Nacho

Personal information
- Full name: José Ignacio Pérez Frías
- Date of birth: 27 April 1955
- Place of birth: Madrid, Spain
- Date of death: 30 March 2018 (aged 62)
- Place of death: Málaga, Spain
- Height: 1.76 m (5 ft 9+1⁄2 in)
- Position: Defender

Youth career
- 1969–1973: Puerto Malagueño

Senior career*
- Years: Team / Apps / (Gls)
- 1973–1975: Castilla
- 1975–1976: Atlético Malagueño
- 1976–1984: Málaga / 189 / (3)
- 1984–1985: Avilés / 26 / (0)
- 1985–1986: Marbella
- 1986–1991: Mijas

International career
- 1973: Spain U18 / 3 / (0)

= Nacho (footballer, born 1955) =

Spanish footballer

José Ignacio Pérez Frías (27 April 1955 – 30 March 2018), known as Nacho, was a Spanish footballer who played as a defender.

He spent his entire professional career with Málaga, playing 223 competitive matches while appearing in four La Liga seasons.

==Early life==
Born in Madrid to hotel employee Pedro Pérez and his wife Isabel Frías, Nacho and his ten siblings (eventually the couple fathered 12 children) moved with the family to Málaga at the age of 14.

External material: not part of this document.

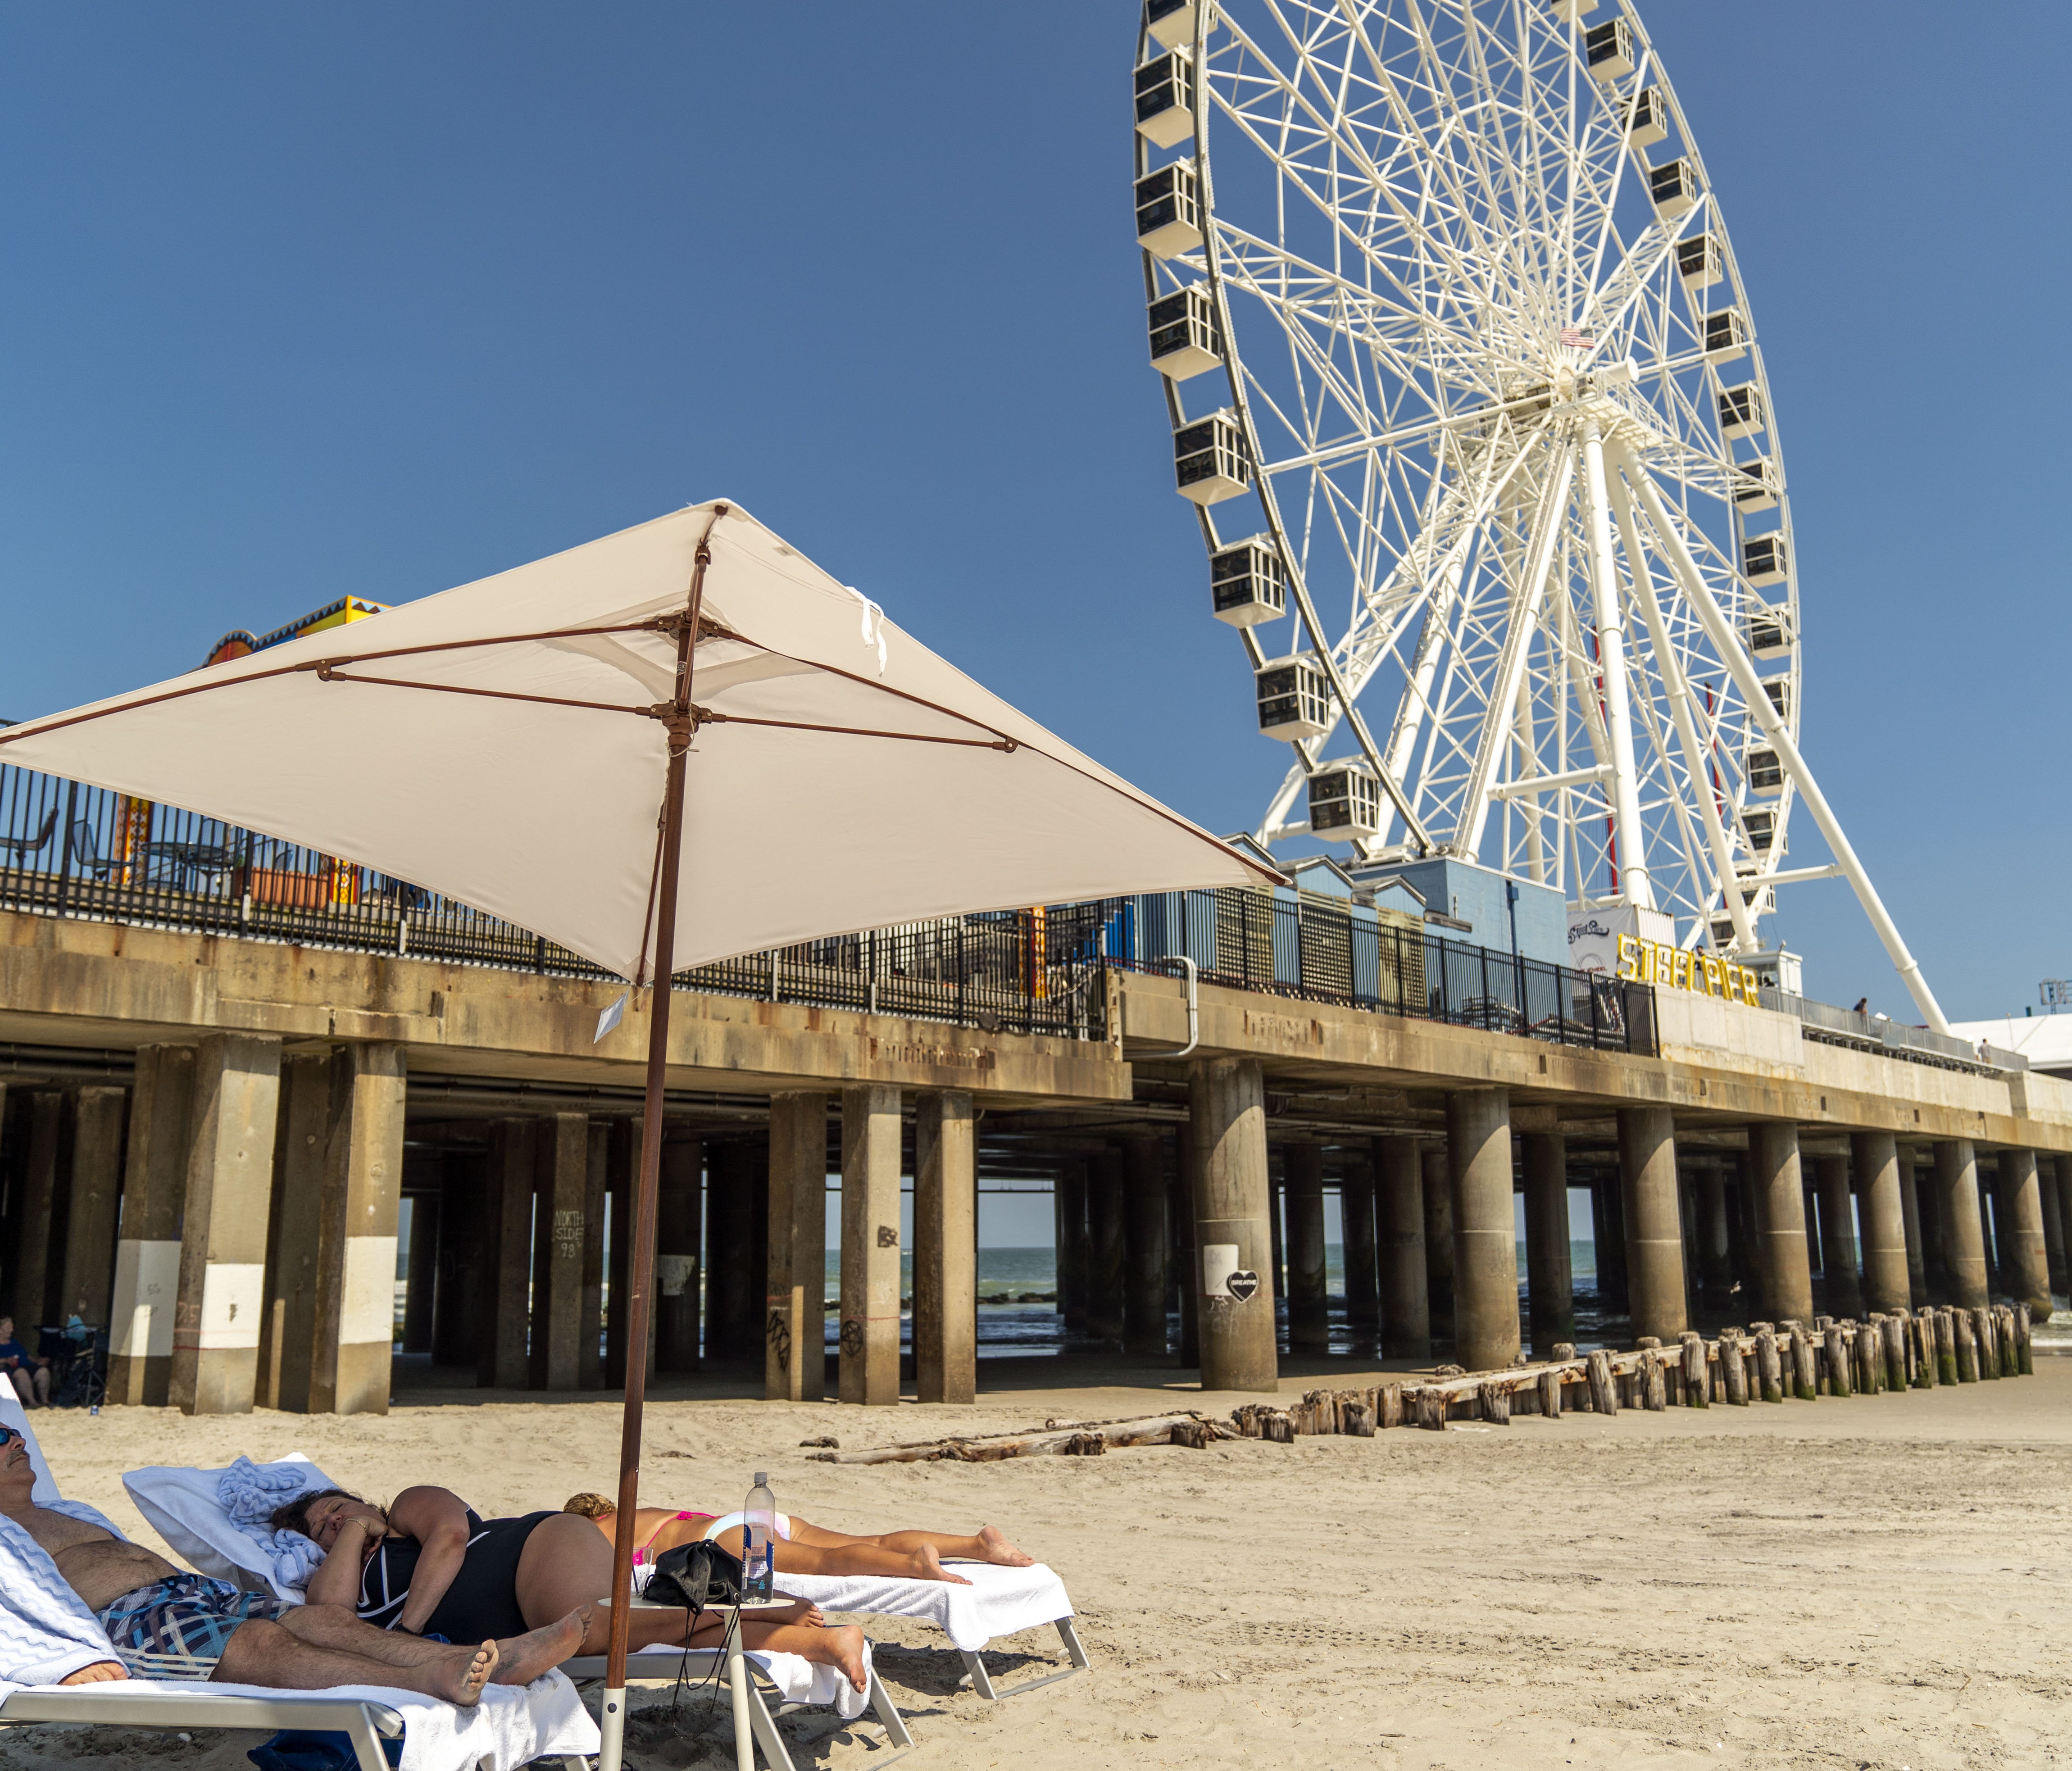 Visitors lounge on the beach on Atlantic City, New Jersey.

He started playing football with Puerto Malagueño and Real Madrid Castilla, but suffered an injury while at the service of the latter club and was released shortly after signing.

==Club career==
Nacho subsequently joined Atlético Malagueño, whilst studying for his medical degree. He made his debut with the first team of Málaga CF on 10 November 1976, coming on as a late substitute in a 3–0 home win against Linares CF in the Copa del Rey. His maiden appearance in La Liga came the following 6 March, also coming from the bench in a 3–1 away loss to Real Zaragoza, and he scored his first in the competition on 26 March of the same year but in another away defeat (2–1, at RC Celta de Vigo).

In 1979, Nacho was appointed team captain. He won two promotions to the top division with his main club, in that year and also in 1982.

Nacho retired in 1991 at the age of 36, after spells in the lower leagues with Real Avilés Industrial CF, CA Marbella and CD Mijas. Later, he worked with Málaga as a youth coach and doctor.

==International career==
Nacho won three caps for Spain at under-18 level.

==Personal life and death==
Nacho's brother and son, respectively Juan Carlos and Ignacio, were also footballers. They too played for Málaga.

Nacho died on 30 March 2018, at the age of 62. He was recovering in his Málaga home from severe burns, from which he was tended at the Hospital Regional Universitario Carlos Haya.